Azjatyccy producenci - głównie chińscy, w mniejszym stopniu również indyjscy - zaczęli coraz bardziej rozpychać się na europejskim rynku. Początkowo w oponach dla pojazdów rolniczych, następnie dla samochodów ciężarowych, aż w końcu również w oponach do samochodów pasażerskich. W momencie wybuchu wojny w Ukrainie producenci opon z zakładami w Europie znaleźli się pod presją cenową konkurentów z Dalekiego Wschodu. Rzecz w tym, że rywalizacja nie odbywa się na zasadach fair play.
Dalsza część artykułu pod materiałem wideo
- Problem rzeczywiście istnieje - przyznaje w rozmowie z money.pl Piotr Sarnecki, dyrektor generalny Polskiego Związku Przemysłu Oponiarskiego (PZPO).

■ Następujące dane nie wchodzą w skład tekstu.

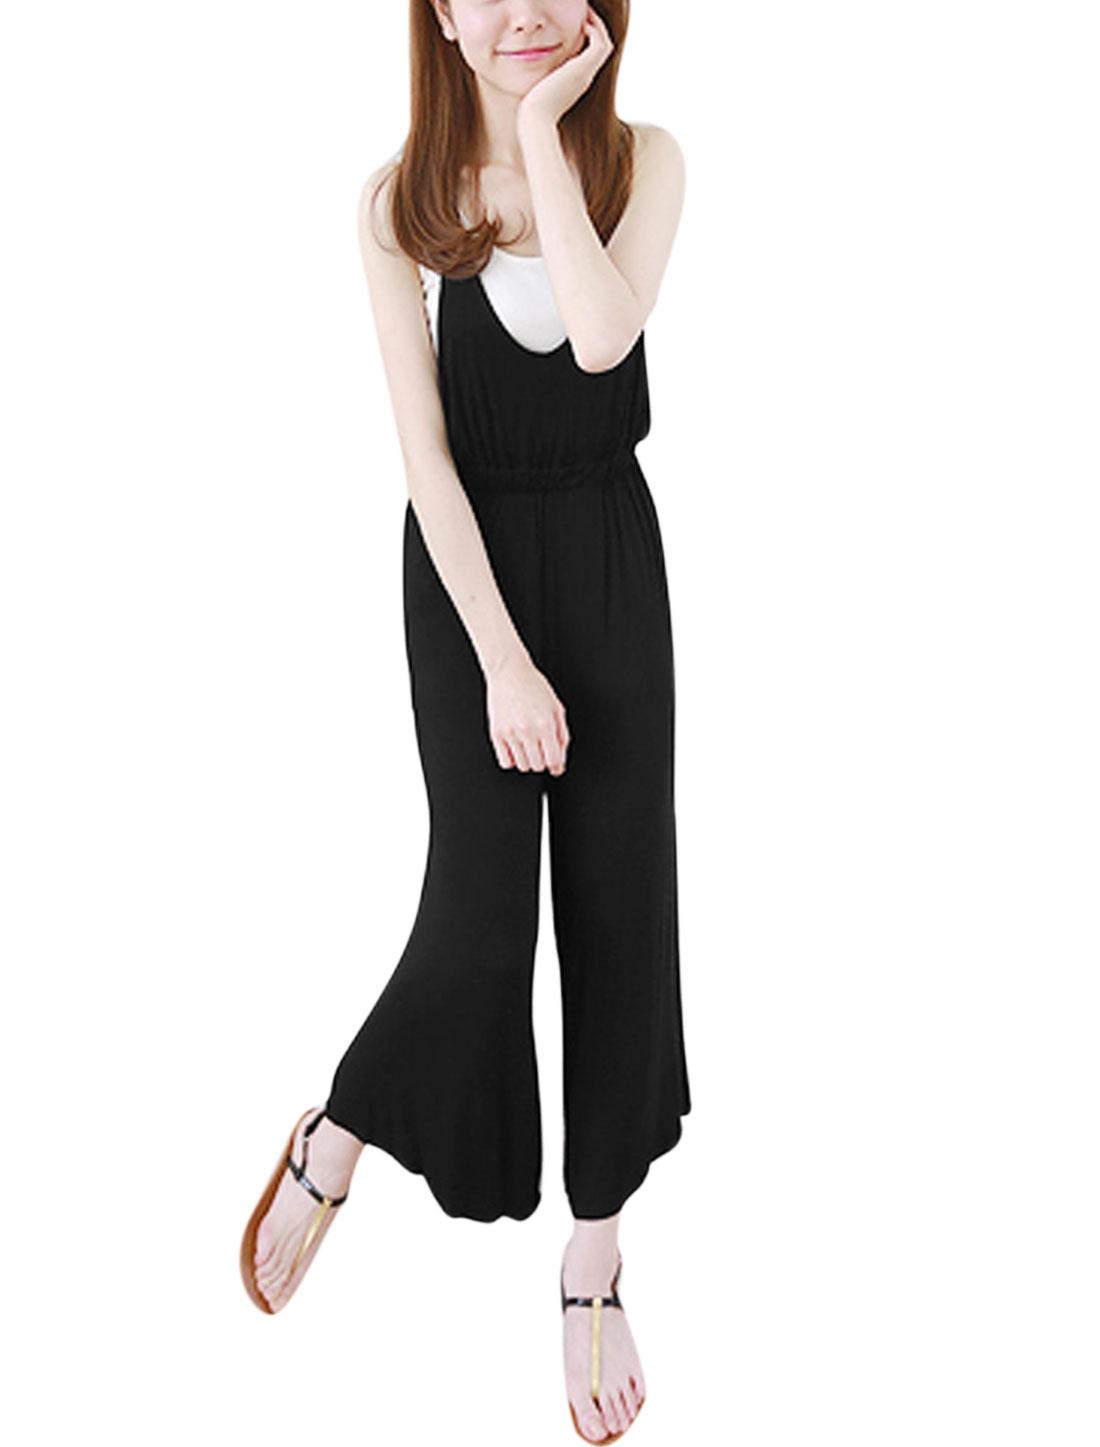 Women Halter Neck Sleeveless Elastic Waist Wide Leg Suspender Pants Black XS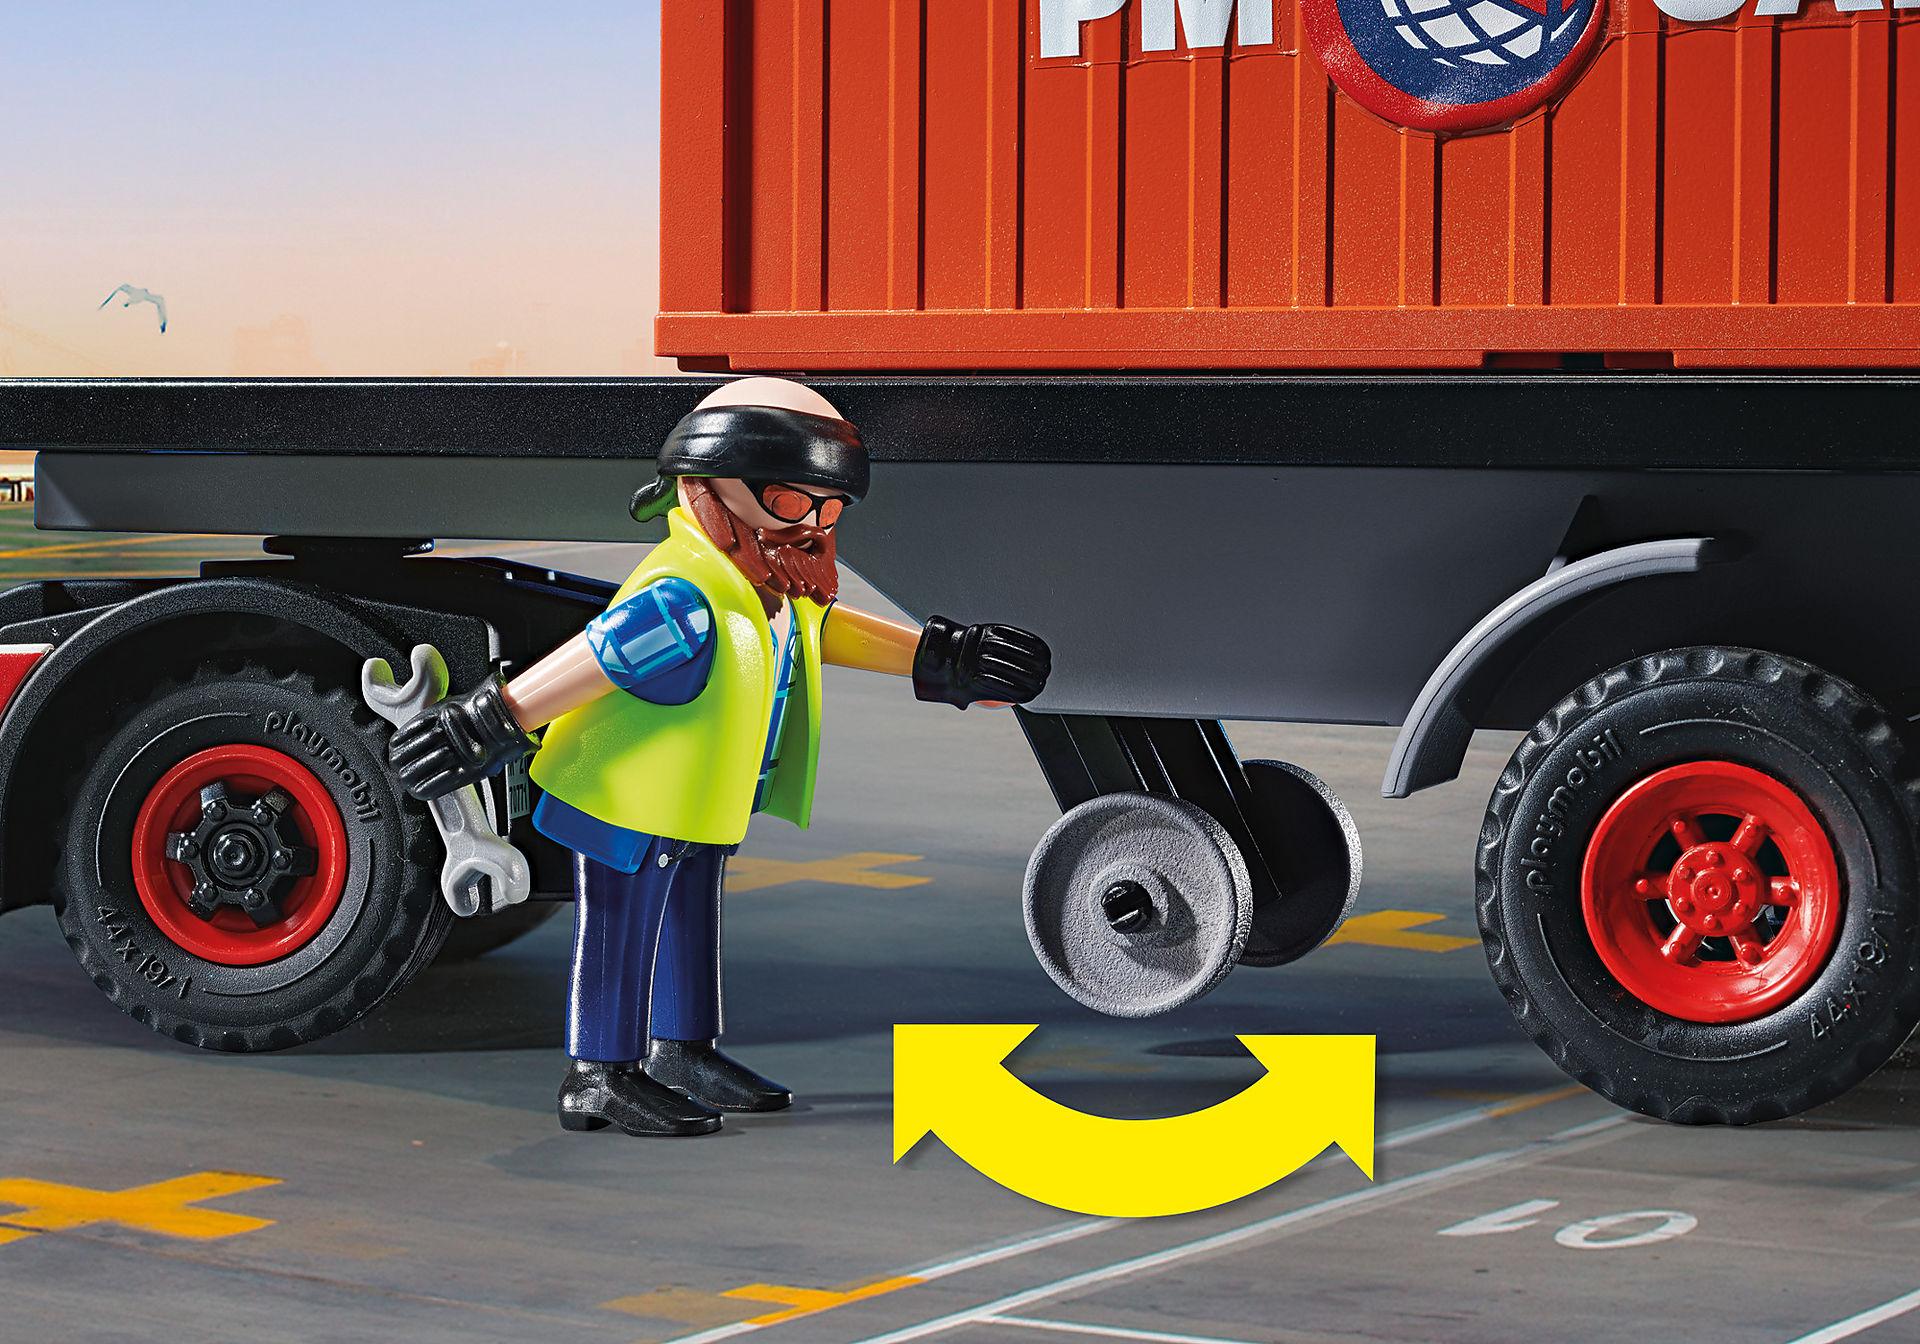 70771 Lastbil med lastcontainer zoom image5

Organizacja zrzesza liderów branży oponiarskiej: Apollo, Bridgestone, Continental, Dębica, Goodyear, Hankook, Michelin, Nokian Tyres, czy Pirelli.
Dwa metry robią różnicę
W Polsce rocznie sprzedaje się ok. 12 mln sztuk opon do samochodów osobowych oraz ok. 1,2 mln opon do samochodów ciężarowych. W tych dwóch segmentach opony chińskie, według szacunków PZPO, mają odpowiednio ok. 20- i 40-procentowy udział.
Według naszego rozmówcy tzw. opony niskich osiągów z dalekiej Azji są problematyczne z kilku względów. Kluczowym jest kwestia bezpieczeństwa na drogach.
Są znacząco gorsze nawet od budżetowych opon europejskich producentów. Mówimy tu np. o hamowaniu na śniegu, gdzie różnica wynosi aż 10 metrów. To są ponad dwie długości średniej klasy samochodu, których może zabraknąć przy hamowaniu przed naczepą tira - porównuje Piotr Sarnecki.
W porównaniu z oponami klasy premium, różnice są jeszcze większe. Potwierdzają to badania porównawcze przeprowadzone na zlecenie PZPO przez mgr. inż. Marka Nytko z Biura Rzeczoznawczego Auto-Test oraz dr. inż. Krzysztofa Lwa z Politechniki Rzeszowskiej. Raport z badań opublikowano w styczniu tego roku.
Przewag opon europejskich nad chińskimi jest więcej. Przykładowo, opony do samochodów ciężarowych renomowanych producentów nadają się do regeneracji, a na tych najlepszych można przejechać nawet milion kilometrów.
- Taka opona ma wiele żyć, bo jest zużywana, pogłębiana, bieżnikowana, a proces ten można powtarzać. Natomiast opona chińska jest jednorazowa i dużo mniej wytrzymała, a mimo trudno konkurować z jej ceną - uważa Sarnecki.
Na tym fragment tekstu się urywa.